ENVIRONMENTAL and conservation organisations, including the RSPB and the Revive coalition, are campaigning for a ban or increased restrictions on muirburn. They argue the practice has negative consequences for wildlife and increases the risk of wildfire.

Muirburn reduces the biodiversity of peatland habitats as it “encourages heather growth, which in turn encourages red grouse populations, but nothing else”, said head of species and land management at RSPB, Duncan Orr-Ewing.

Land managers’ associations disagree. By reducing fuel loads and rejuvenating heather, muirburn has a key role in reducing the risk of wildfire and benefitting biodiversity, argued Ross Ewing, moorland director at Scottish Land & Estates.

He added: “Muirburn does not burn or damage peat. It burns rank heather, leaving the peat below the ground intact. Any short-term emissions from muirburn are minimal and are outweighed by the medium and long-term environmental benefits.”

A 2017 report commissioned by the Scottish Government to review evidence of the impact of muirburn on peat soils identified gaps in knowledge about the practice.

A Scottish Government spokesperson said it funds Peatland Action to undertake peatland restoration across the country. They added: “Cairngorms National Park Authority is one of our delivery partners within that initiative and has previously grant-funded peatland restoration work on Tulchan Estate.

“Through a due diligence review of all clients, the park authority has worked to ensure that it has not provided any funding to potential Russian interests since the commencement of Russia’s illegal invasion of Ukraine.”

Both the Scottish Government and the CNPA said: “In monitoring and enforcing the park authority’s peatland restoration grant conditions, the Cairngorms Peatland Action team has not encountered any actions on muirburn that have contravened those conditions”.

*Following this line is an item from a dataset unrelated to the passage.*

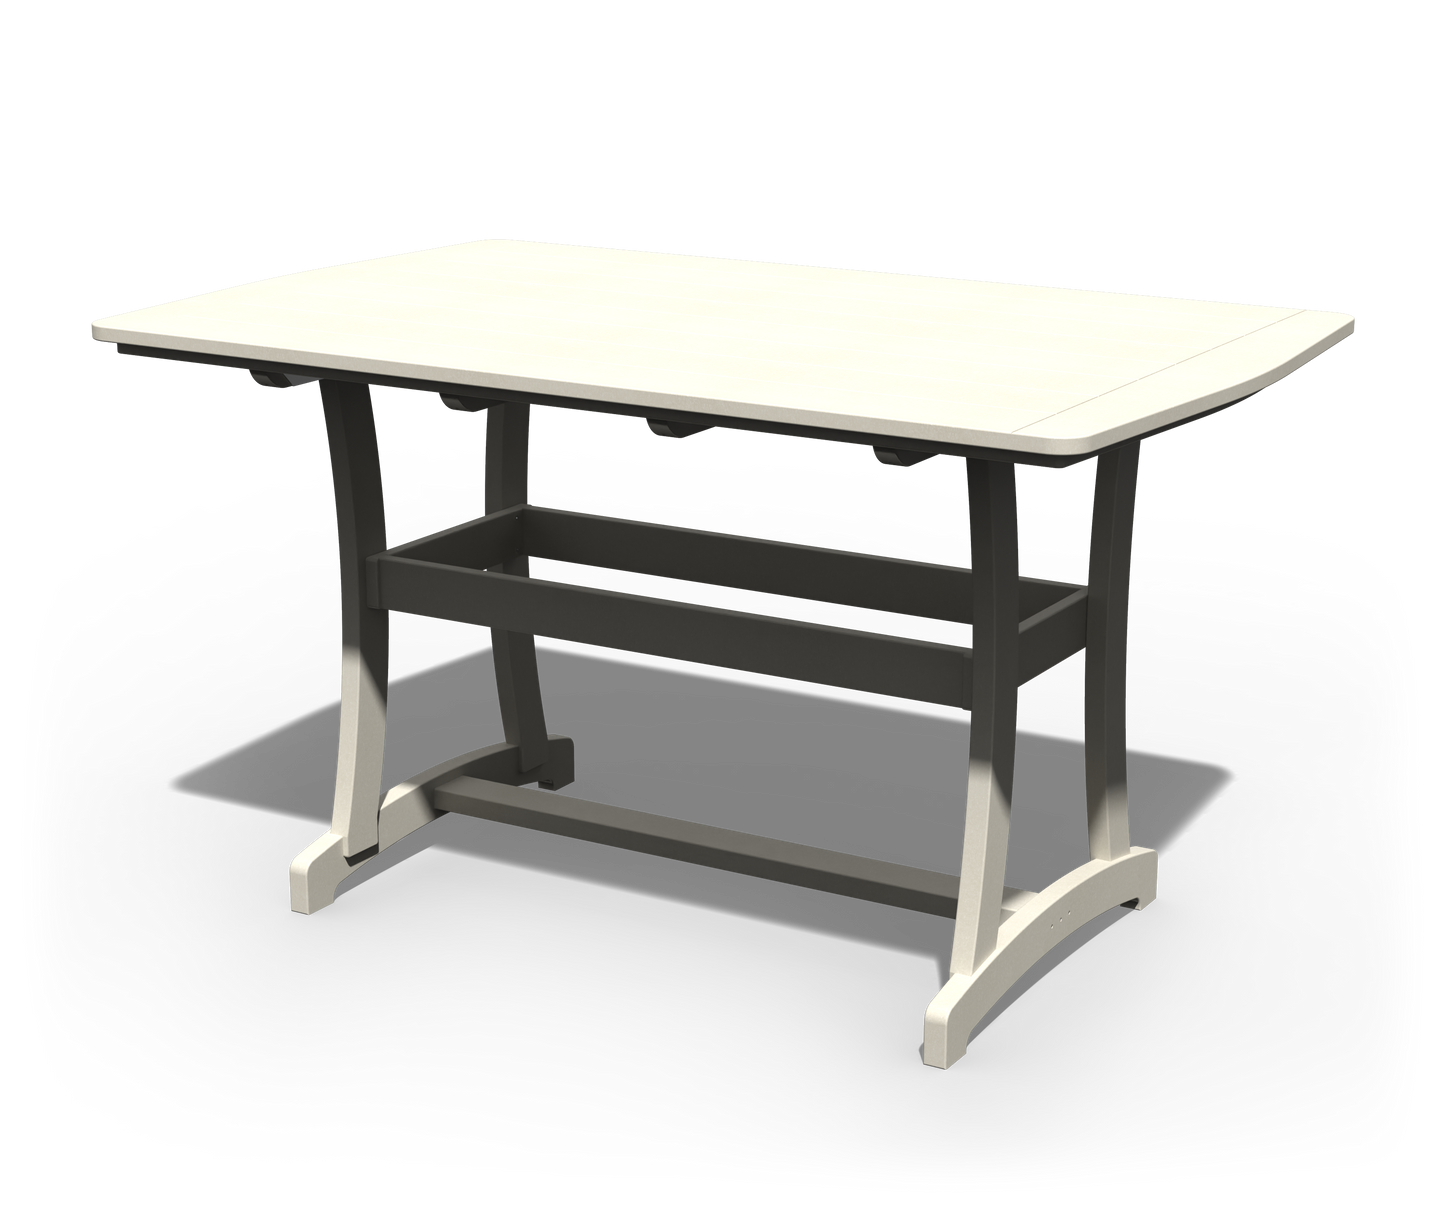 Patiova Recycled Plastic 4'x6' Legacy Bar Table - LEAD TIME TO SHIP 3 WEEKS

NatureScot said: “The Scottish Government are currently consulting on a proposal to introduce a year-round licencing of muirburn. In advance of the conclusions of that consultation process, NatureScot strongly encourages all parties to follow the Muirburn Code, which states that burning should not take place on peatlands, except as part of a habitat restoration plan, approved by NatureScot. Areas with peat hags, bare peat or erosion should never be burnt.”

The Muirburn Code allows burning from October 1 to April 15. The ban on burning on peatland is not legally enforceable. In 2020, the Scottish Government announced its intentions to licence muirburn and legally prohibit burning on peatland. Last year, it earmarked £250m for peatland restoration grants.